--- Your task ---
Reproduce word for word every line from the one containing "Hardwood Rescue" to the final line of the data below; omit the pictures.

--- Provided material ---
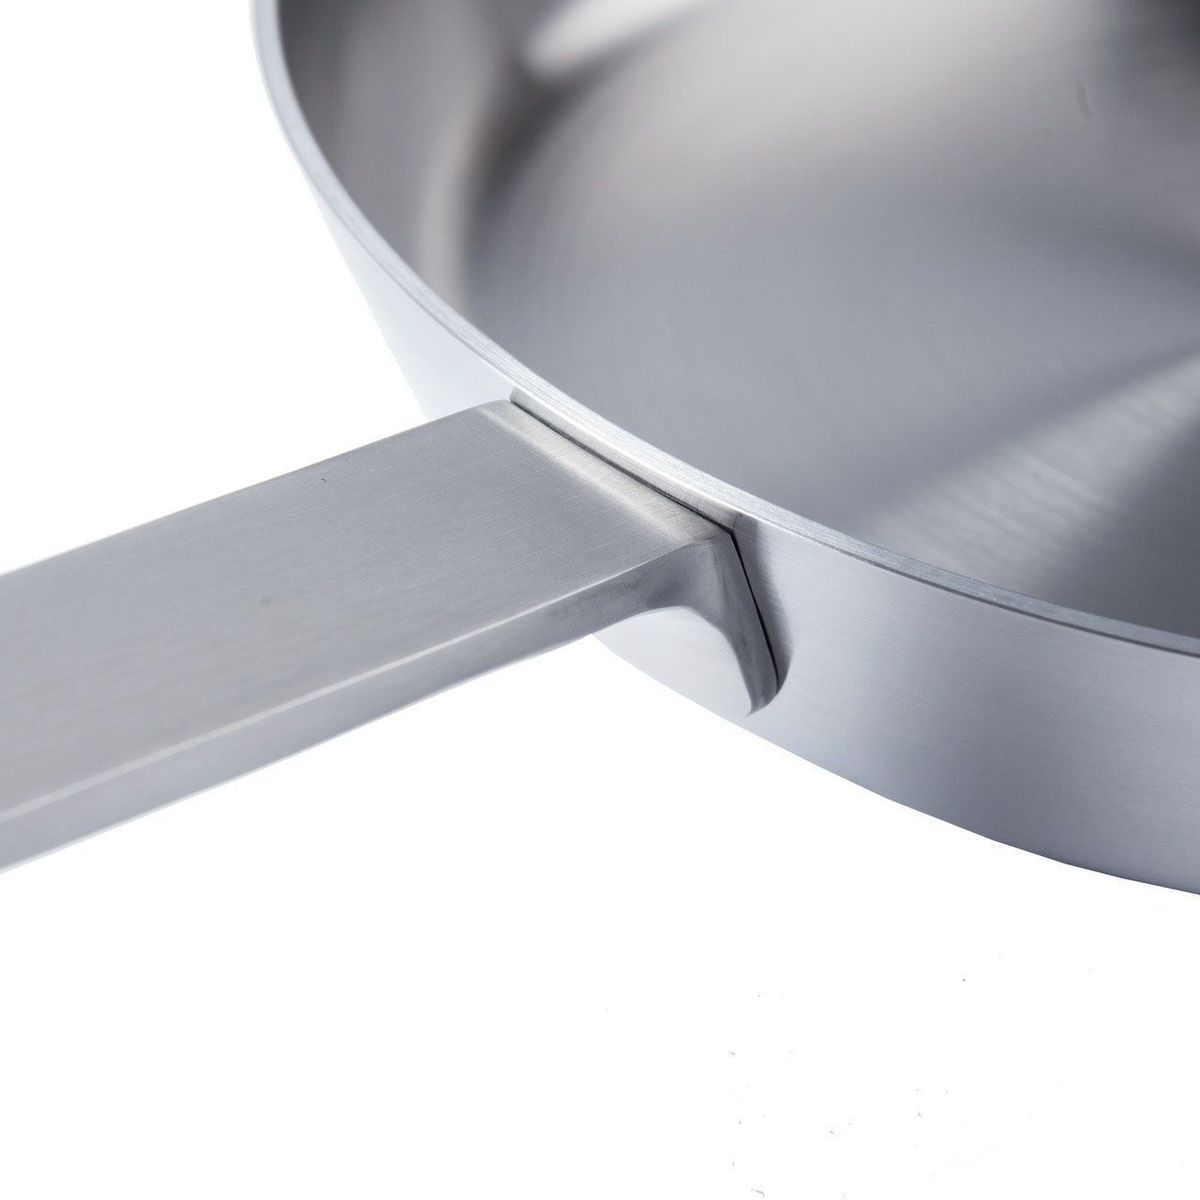 """Сковорода BergHOFF """"Ron"""" выполнена из нержавеющей стали. Дно сковороды изготовлено из 4 различных материалов, расположенных в изобретательном пятислойном альянсе для равномерного распределения тепла. Дно и корпус формируют бесшовное целое, гарантирующее, что тепло быстро распределяется по дну до обода.   Конструкция дна делает возможным энергоэффективное приготовление пищи и равномерное распределение тепла по всей поверхности.  Подходит для любых типов плит, включая индукционные.  Подходит для посудомоечной машины. Объем: 2,1 л. Диаметр: 26 см."""
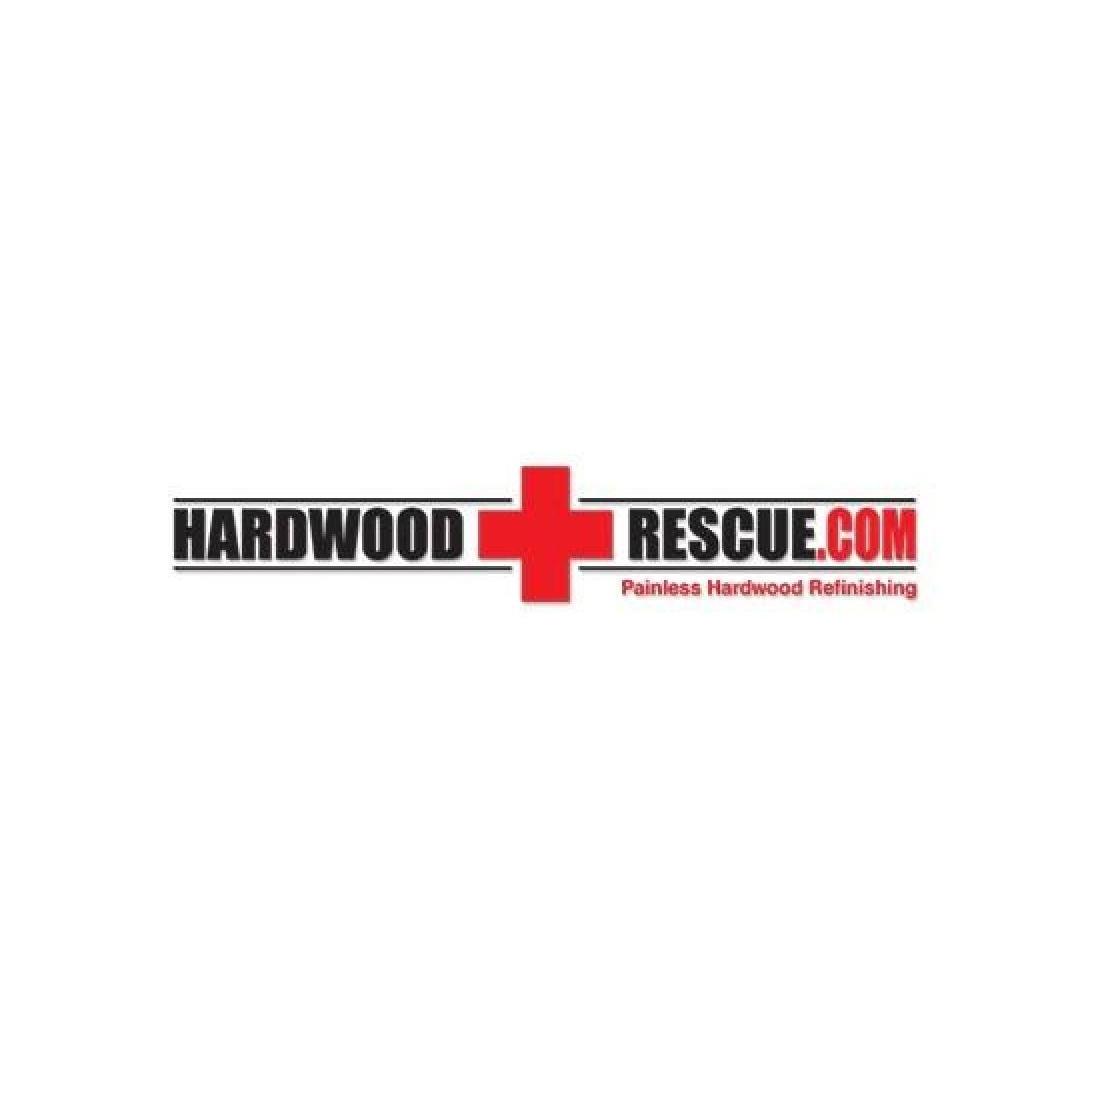 Hardwood Rescue
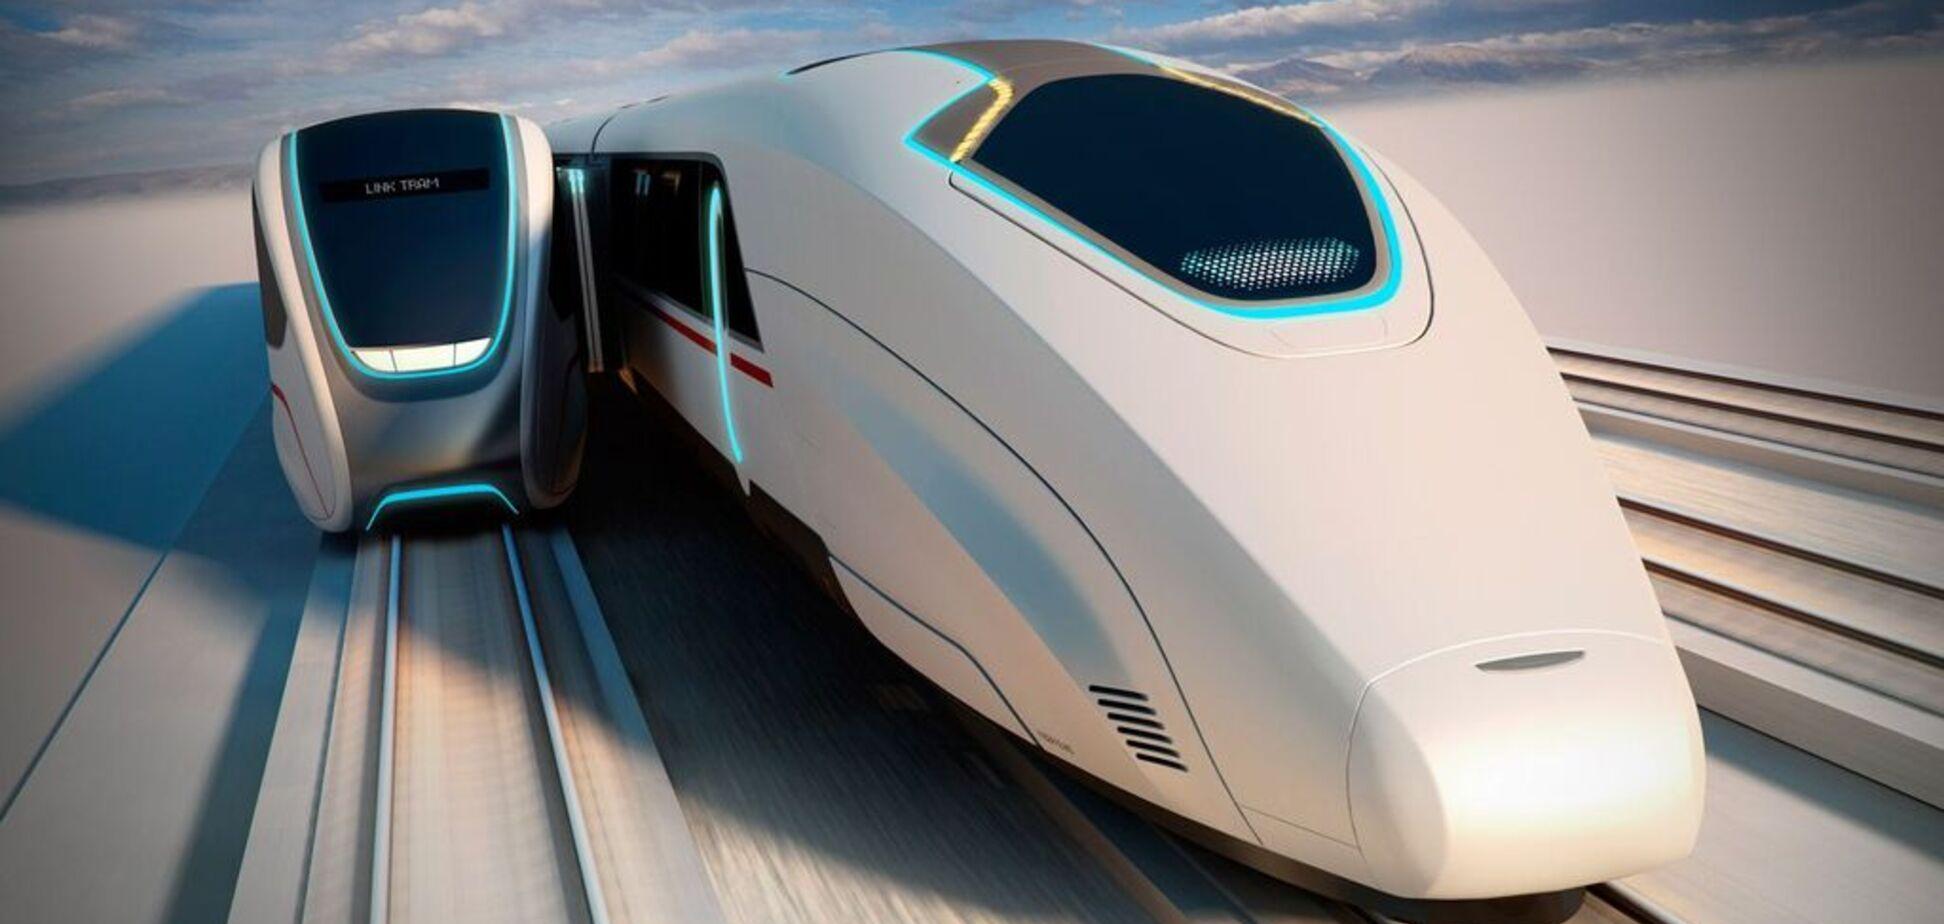 В Великобритании создали поезд на аккумуляторах: как он работает
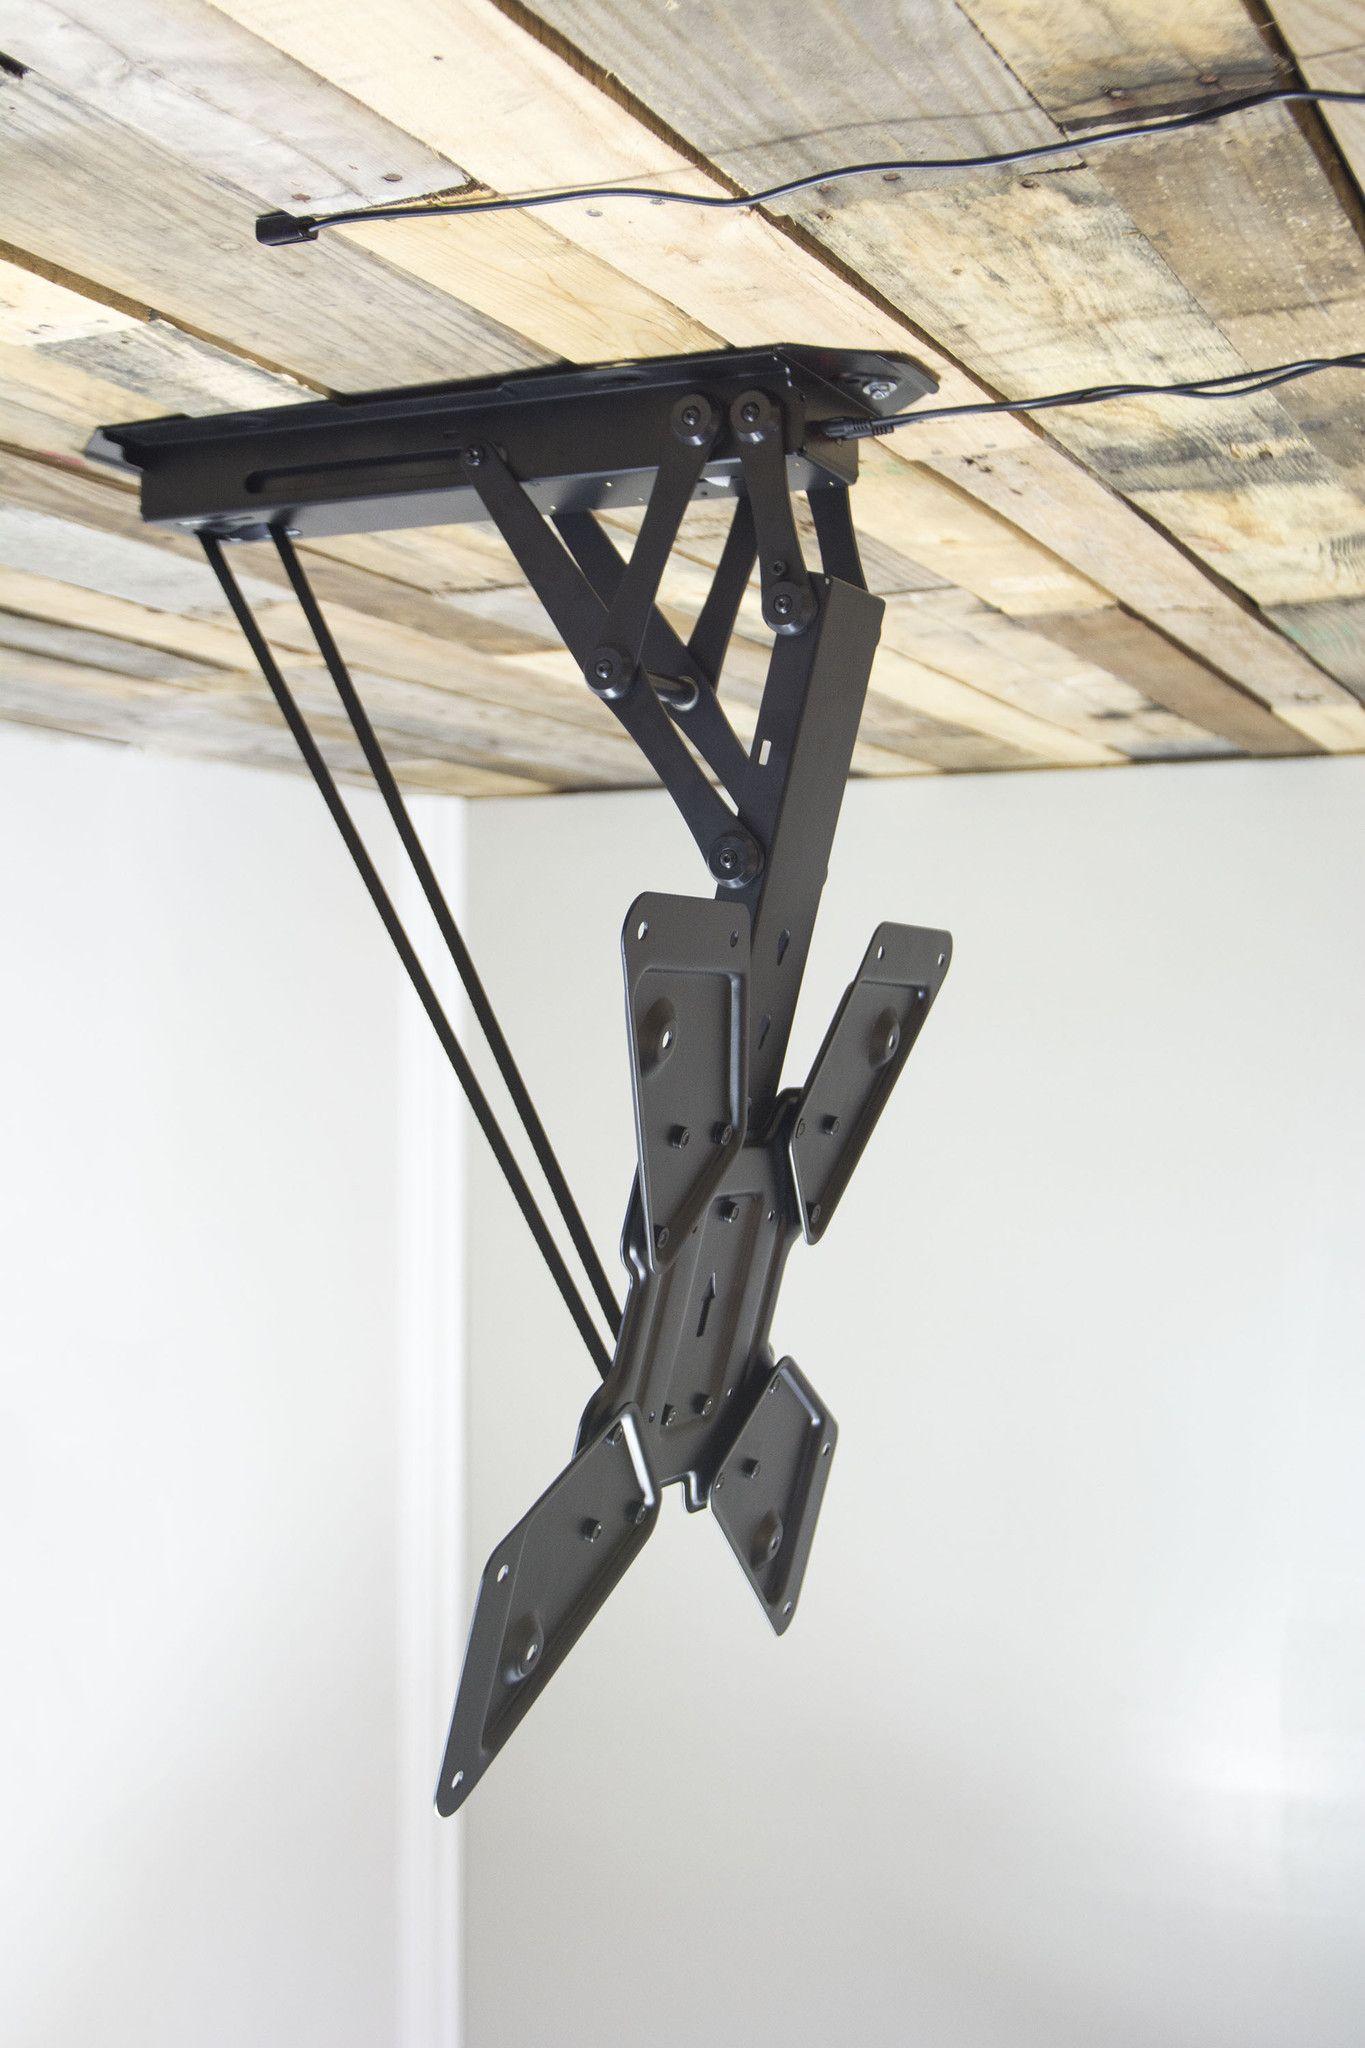 up tv lp sanus en to tvs mounts motion r products um mount b ceiling for full bracket

--- Your solution ---
 Hardwood Rescue
 В Великобритании создали поезд на аккумуляторах: как он работает
 up tv lp sanus en to tvs mounts motion r products um mount b ceiling for full bracket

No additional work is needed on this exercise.